Every line containing "Alternate" should be identified and copied from the data below.

──────── EXERCISE DATA

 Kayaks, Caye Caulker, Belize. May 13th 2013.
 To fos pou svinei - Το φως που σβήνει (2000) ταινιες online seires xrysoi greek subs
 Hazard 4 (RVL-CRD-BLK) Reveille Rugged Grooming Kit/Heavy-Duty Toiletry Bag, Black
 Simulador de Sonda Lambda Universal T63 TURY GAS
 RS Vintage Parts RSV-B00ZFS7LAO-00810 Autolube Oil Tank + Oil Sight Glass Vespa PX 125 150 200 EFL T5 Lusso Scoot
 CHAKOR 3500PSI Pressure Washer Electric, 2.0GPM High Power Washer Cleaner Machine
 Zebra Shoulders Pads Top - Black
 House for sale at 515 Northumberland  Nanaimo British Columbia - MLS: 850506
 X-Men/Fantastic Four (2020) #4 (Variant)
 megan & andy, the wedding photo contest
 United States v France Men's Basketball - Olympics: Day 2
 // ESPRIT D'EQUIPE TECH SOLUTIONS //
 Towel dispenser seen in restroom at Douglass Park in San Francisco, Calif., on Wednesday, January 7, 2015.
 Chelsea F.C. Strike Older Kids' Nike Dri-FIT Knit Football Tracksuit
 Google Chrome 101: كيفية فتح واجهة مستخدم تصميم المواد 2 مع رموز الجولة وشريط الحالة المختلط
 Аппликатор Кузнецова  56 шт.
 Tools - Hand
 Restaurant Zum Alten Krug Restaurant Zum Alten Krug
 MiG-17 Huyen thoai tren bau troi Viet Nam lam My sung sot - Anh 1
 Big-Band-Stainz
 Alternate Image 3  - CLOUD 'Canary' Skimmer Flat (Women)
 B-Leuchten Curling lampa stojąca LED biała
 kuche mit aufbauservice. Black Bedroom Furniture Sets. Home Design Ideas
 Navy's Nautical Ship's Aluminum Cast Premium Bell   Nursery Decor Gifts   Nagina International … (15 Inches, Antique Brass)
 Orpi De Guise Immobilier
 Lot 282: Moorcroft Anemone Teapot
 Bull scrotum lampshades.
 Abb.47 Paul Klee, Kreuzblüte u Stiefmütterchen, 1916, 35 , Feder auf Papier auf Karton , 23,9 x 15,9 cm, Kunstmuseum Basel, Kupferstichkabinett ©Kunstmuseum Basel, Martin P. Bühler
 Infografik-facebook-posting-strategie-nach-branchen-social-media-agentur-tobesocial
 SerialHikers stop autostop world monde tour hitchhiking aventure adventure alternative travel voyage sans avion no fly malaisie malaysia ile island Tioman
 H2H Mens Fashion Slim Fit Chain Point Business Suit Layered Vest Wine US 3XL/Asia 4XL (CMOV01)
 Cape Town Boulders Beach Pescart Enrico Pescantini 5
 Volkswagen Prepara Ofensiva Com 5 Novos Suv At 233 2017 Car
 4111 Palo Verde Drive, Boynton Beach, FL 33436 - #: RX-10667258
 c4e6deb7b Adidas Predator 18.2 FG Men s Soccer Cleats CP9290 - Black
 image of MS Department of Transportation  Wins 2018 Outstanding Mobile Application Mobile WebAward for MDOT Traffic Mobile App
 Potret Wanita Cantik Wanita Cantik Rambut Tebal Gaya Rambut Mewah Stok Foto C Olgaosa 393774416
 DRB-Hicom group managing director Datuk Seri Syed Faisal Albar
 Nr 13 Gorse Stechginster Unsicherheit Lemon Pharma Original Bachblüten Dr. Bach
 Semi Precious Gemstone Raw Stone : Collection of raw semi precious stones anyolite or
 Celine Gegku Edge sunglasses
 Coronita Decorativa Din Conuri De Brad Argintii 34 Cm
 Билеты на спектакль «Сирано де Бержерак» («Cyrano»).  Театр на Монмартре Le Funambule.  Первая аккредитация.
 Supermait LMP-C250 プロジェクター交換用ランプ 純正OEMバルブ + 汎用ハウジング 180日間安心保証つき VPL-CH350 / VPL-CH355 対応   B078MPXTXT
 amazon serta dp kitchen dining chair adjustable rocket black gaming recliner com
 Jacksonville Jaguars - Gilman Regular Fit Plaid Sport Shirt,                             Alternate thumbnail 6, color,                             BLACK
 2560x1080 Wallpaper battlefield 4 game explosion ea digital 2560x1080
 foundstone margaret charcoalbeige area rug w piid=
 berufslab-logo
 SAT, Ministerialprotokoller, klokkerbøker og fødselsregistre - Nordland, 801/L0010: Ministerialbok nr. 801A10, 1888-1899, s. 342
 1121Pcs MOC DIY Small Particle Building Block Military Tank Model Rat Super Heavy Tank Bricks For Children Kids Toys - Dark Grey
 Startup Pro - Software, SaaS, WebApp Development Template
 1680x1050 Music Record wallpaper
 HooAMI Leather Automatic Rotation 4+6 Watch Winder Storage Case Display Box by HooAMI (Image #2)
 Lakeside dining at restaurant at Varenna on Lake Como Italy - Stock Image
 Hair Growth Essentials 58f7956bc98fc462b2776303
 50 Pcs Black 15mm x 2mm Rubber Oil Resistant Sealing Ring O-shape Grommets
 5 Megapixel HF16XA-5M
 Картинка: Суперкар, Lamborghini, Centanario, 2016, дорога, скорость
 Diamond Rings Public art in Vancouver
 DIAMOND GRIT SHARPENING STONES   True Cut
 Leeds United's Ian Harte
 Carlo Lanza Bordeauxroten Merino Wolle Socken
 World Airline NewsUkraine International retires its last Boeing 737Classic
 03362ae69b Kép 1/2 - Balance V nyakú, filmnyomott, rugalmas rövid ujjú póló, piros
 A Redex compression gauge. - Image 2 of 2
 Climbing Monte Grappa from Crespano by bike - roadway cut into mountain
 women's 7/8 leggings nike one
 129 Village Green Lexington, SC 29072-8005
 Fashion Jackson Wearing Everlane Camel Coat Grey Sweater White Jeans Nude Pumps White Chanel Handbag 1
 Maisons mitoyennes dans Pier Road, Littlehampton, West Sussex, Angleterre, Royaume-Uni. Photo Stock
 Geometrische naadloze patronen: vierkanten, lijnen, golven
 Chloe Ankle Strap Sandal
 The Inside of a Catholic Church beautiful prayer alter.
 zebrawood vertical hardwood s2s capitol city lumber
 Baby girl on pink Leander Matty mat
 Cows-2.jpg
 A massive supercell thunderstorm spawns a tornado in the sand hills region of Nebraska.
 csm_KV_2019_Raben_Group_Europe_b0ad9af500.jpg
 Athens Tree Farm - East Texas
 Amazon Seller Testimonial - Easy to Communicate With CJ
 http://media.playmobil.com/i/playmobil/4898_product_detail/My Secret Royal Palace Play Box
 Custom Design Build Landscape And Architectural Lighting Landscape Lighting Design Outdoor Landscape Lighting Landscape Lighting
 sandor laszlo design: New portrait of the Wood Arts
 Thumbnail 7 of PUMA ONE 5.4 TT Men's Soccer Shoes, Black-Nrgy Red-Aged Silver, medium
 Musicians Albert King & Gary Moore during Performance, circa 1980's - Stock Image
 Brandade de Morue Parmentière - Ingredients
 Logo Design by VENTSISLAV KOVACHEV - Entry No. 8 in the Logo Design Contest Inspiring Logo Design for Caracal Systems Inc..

────────────────

◆ ANSWER SPACE ◆
 Alternate Image 3  - CLOUD 'Canary' Skimmer Flat (Women)
 Jacksonville Jaguars - Gilman Regular Fit Plaid Sport Shirt,                             Alternate thumbnail 6, color,                             BLACK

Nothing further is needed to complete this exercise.